I do not see how HUP (Heisenberg uncertainty principle) forbids walking through the wall.
Can someone explain me that?

5. Aug 23, 2007

### Billygoat

If you are talking about walking through the wall and maintaining your identity then you are assuming no chemical interactions - your molecules are not changed. This means that Pauli exclusion, and HUP aren't important. The reason you can't walk through the wall is due to the electrostatic repulsion between your electrons and the wall's. To get through unchanged means that you are looking at yourself as a single entity which is repelled by the potential barrier of the wall as an entity. You can actually calculate the probability of a 'particle' of your mass and momentum tunneling through a barrier the size of a wall and the result is astronomically small.

Another way to look at it is as follows. The wave function of a particle is usually represented by a Gaussian shaped curve (a 'bell-curve'). You are a particle of several kilograms mass. Your bell -curve is very peaked - not much in the wings. (The width of the bell curve is related to the HUP, so it does enter into it here.) The probably of tunneling is related directly to how much the wings of your bell curve reach to the other side of the wall. Very, very little of your bell curve wings extend six or eight inches away from you.

6. Aug 23, 2007

### DaveC426913

It doesn't per se.

The default state of our universe (at least to macroscopic eyes) is that physical objects can't pass through each other. However, if we look at subatomic objects, we see a "loophole" in the rule wherein physical objects sometimes can pass through each other (i.e an electrons through a barrier) because of their uncertainty. As we look at larger objects, that uncertainty loophole closes rapidly.

7. Aug 23, 2007

### mgb_phys

It doesn't, it's what PERMITS you to walk through a wall, for sufficently small values of wall.

8. Aug 23, 2007

### dextercioby

If i was to be launched through a cannon at 100 Km/hr there would be parts of me passing through a 10 cm concrete wall found 10 m away from the cannon. Too bad i'd die without picking up the glory.

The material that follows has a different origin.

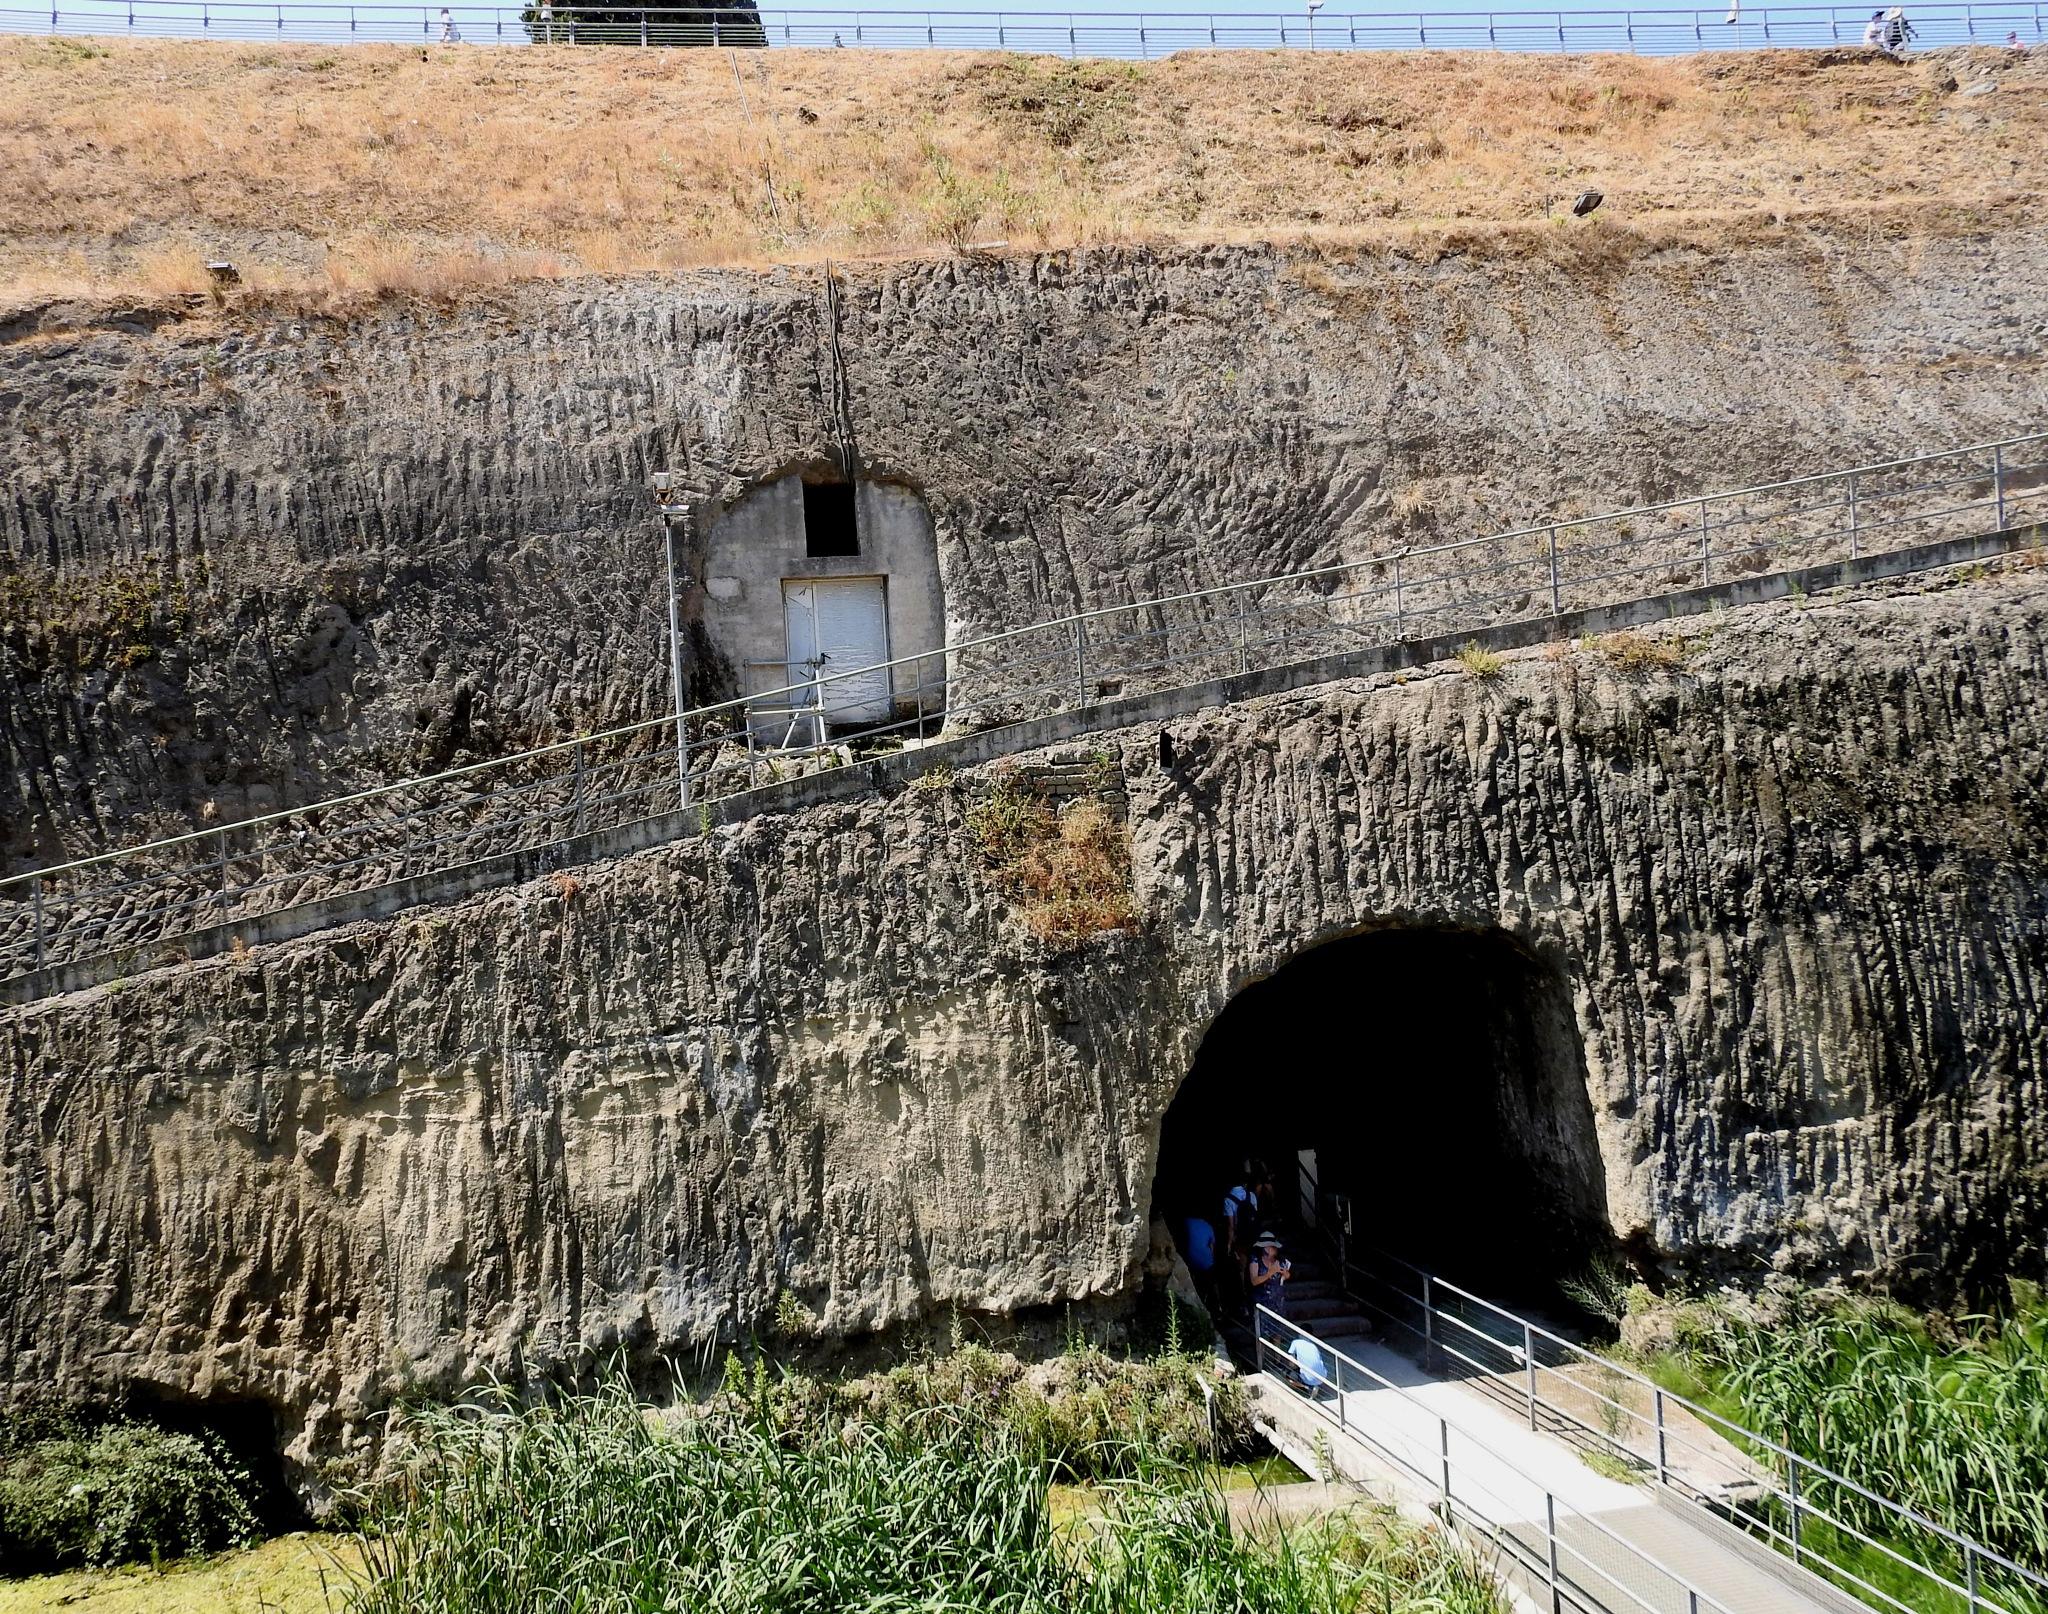 Hercolaneum Ercolano [Naples] - The Lava And Mud Wall - 2 by Arnaldo De Lisio

What does passing through a wall have to do with quantum physics and the "default state of the universe" ??

PS I remember the times when there was much more quantum $\mbox{physics}$ in this forum than we have today.

Last edited: Aug 23, 2007
9. Aug 23, 2007

### malawi_glenn

That is a very good question.

10. Aug 23, 2007

### DaveC426913

I'm not sure if this is seriously questioning the statement.

By "default state of the universe" I simply mean that the OP's question was phrased as asking why he "can't lesuirely walk through a concrete wall". In fact, that question doesn't really need to be answered, as it is usually the case. The question he should be asking is, "under what circumstance would I be able to walk through a wall?"

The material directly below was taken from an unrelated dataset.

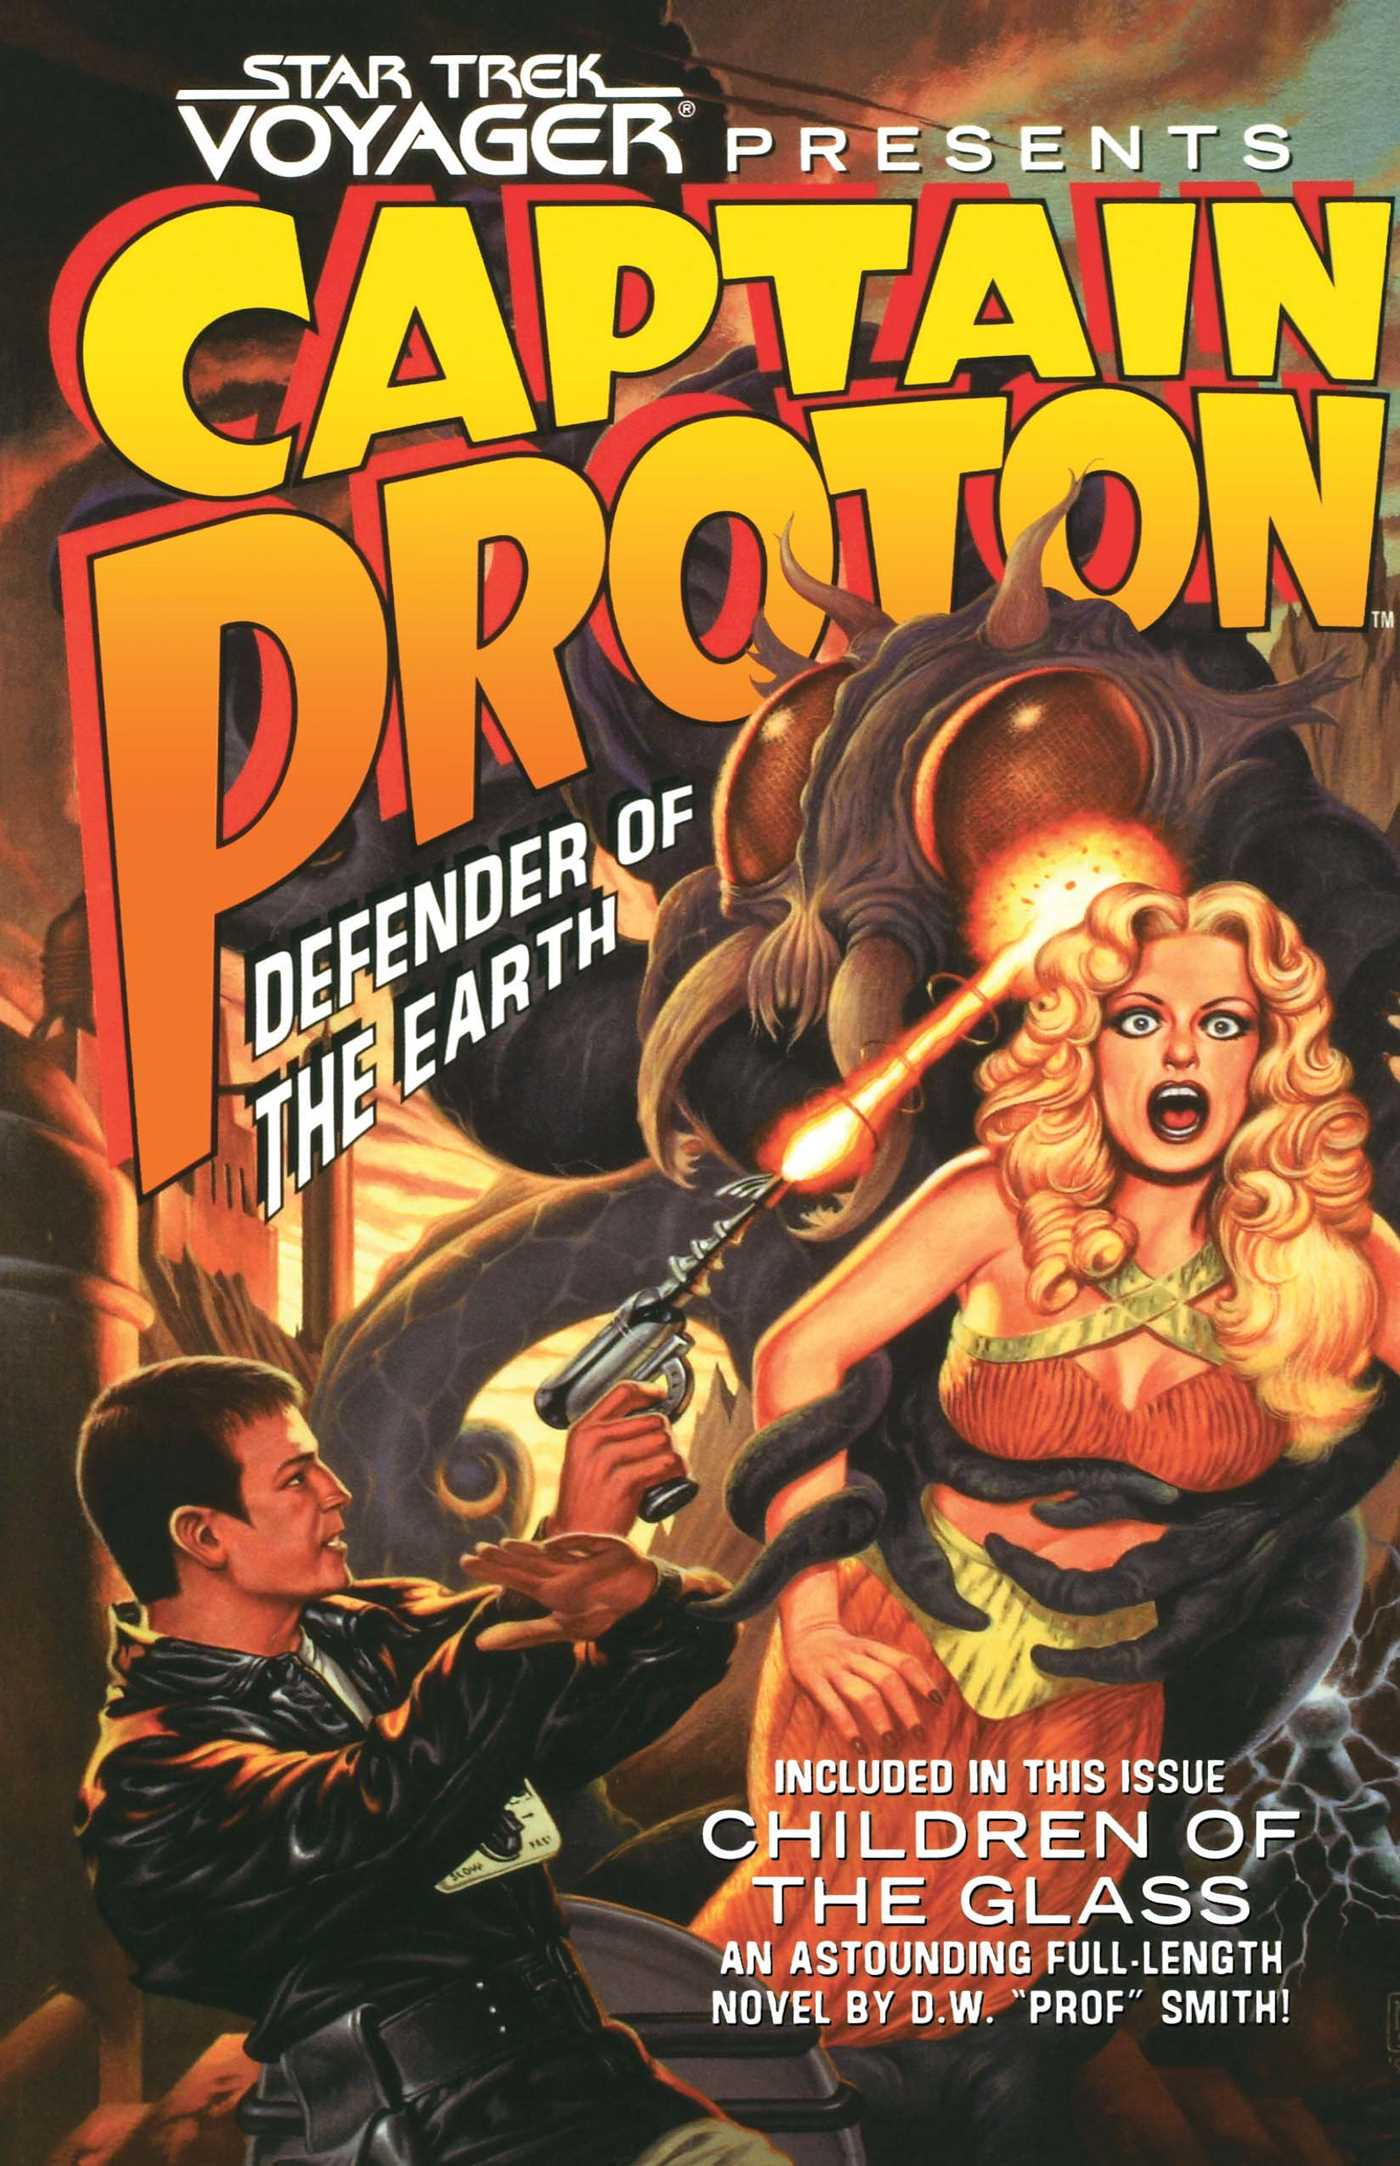 captain-proton-defender-of-the-earth.jpg

As for quantum physics and walking through walls, well of course that's about quantum tunnelling.

When the phenomenon of quantum tunnelling was first discovered and people came to realize that matter was not made up of hard little balls called atoms and electrons that bounced off one another like so many billiard balls, the idea of matter being able to pass through solid objects captured the imagination of the public. Ever since, people have speculated about the theoretical ability to scale that up to macroscopic sizes.

It caused as profound a shaking of the bedrock that is the understanding of our universe as Einstein's declaration that time was not a constant.

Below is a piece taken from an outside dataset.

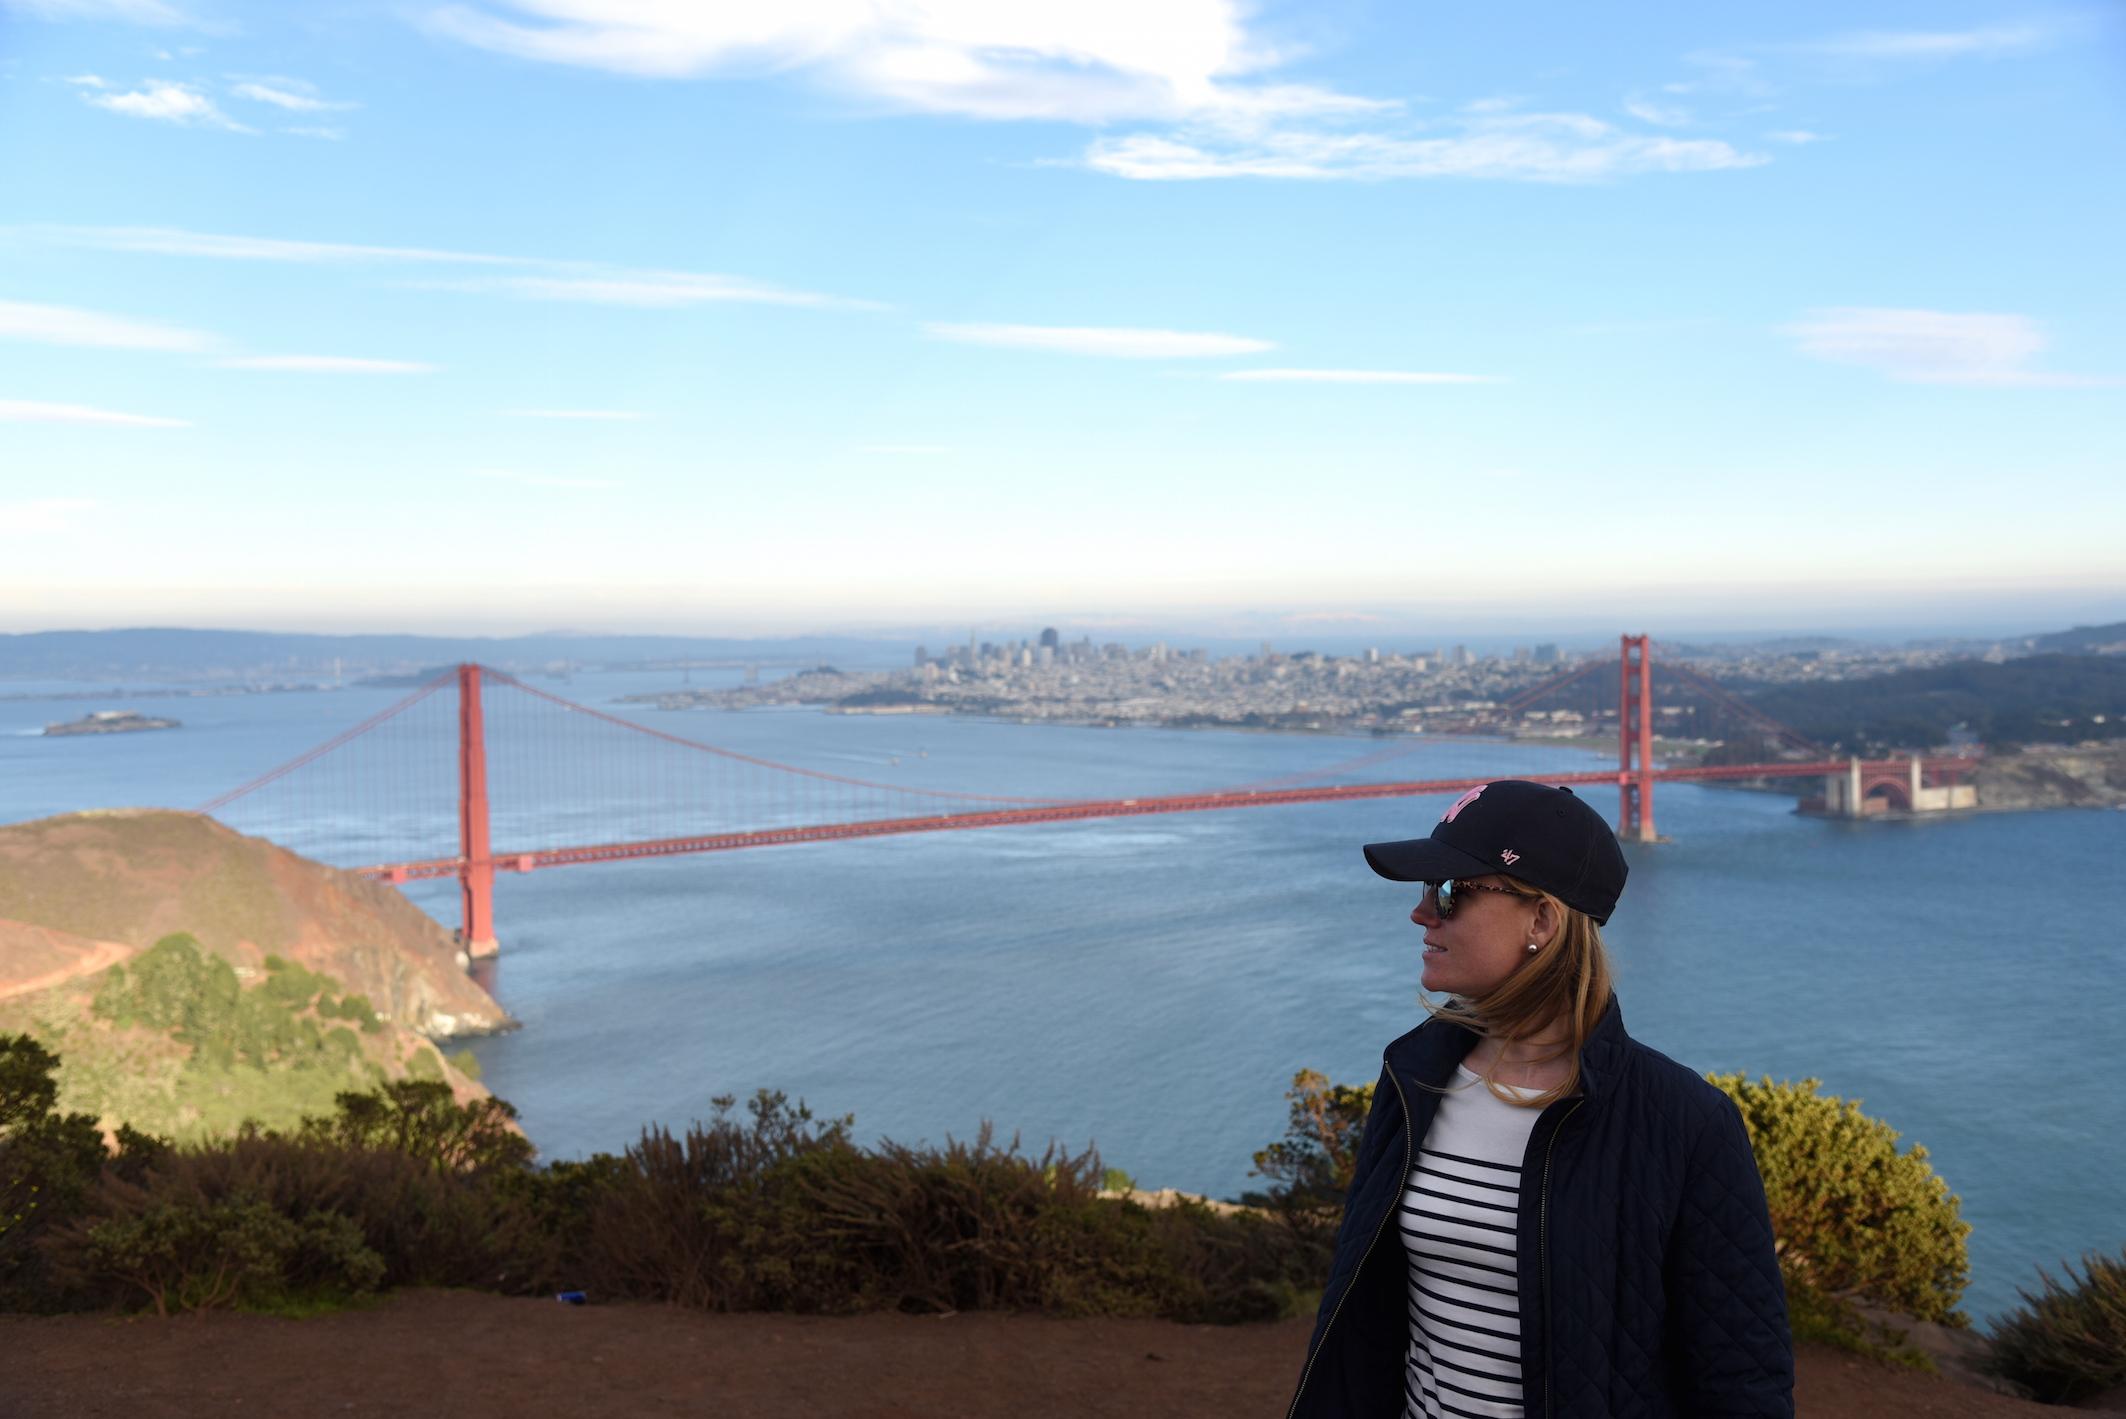 Fashion Lifestyle Travel blogger visiting San Francisco

Now, we all do know that it simply doesn't practically apply on large scales, but the principle is fascinating to the uninitiated.

Last edited: Aug 23, 2007
11. Aug 23, 2007

### cesiumfrog

I had the impression that the OP sought to know the answer to the question that was actually asked. That is, since Pauli exclusion resists overlapping wave-functions, one could be forgiven for supposing it similarly prevents macroscopic objects from overlapping - but is it not actually Coulomb repulsion that is solely responsible?

12. Aug 23, 2007

### Gokul43201

Staff Emeritus
Take a single alpha particle and send it flying into a 1cm thick slab of metal at a speed of about 0.9c. A rough estimate of the probability that it comes out the other side gives me a number smaller than 1 part in 10,000. Trying to get a single alpha particle through at a "leisurely walk" is itself less likely than a ppb, forget about a macroscopic network of atoms!

But even for the simple case above, you don't use either of the two principles to make this determination.

13. Aug 24, 2007

### JDługosz

I believe that for a "hard solid" object, the solidness is due overwhelmingly to Pauli exclusion when the electron clouds start to overlap, not the electromagnetic force. The coulomb force is easily overwhelmed by momentum. But the exclusion principle is like hitting a wall.

14. Aug 25, 2007

### ueit

Well, by definition, a wall is a wall because you cannot pass through it. There are things we can pass through, like water. We don't call these things "walls".

Now, seriously, I think that all this talk about how classical physics cannot explain tunneling comes from a number of unjustified assumptions. For example, a solid wall doesn't look so solid at microscopic level. If you were a charged particle, the size of a nucleus, you would see 1 cm sized nuclei placed at about 1 km away of each other. A big number of electrons are flying (or maybe staying) around. There are places where the electric field becomes very small. The probability of "tunneling" can be thought of as the probability to find and pass through such a place. For a great number of particles (about 10^26 in your body), this probability is very small.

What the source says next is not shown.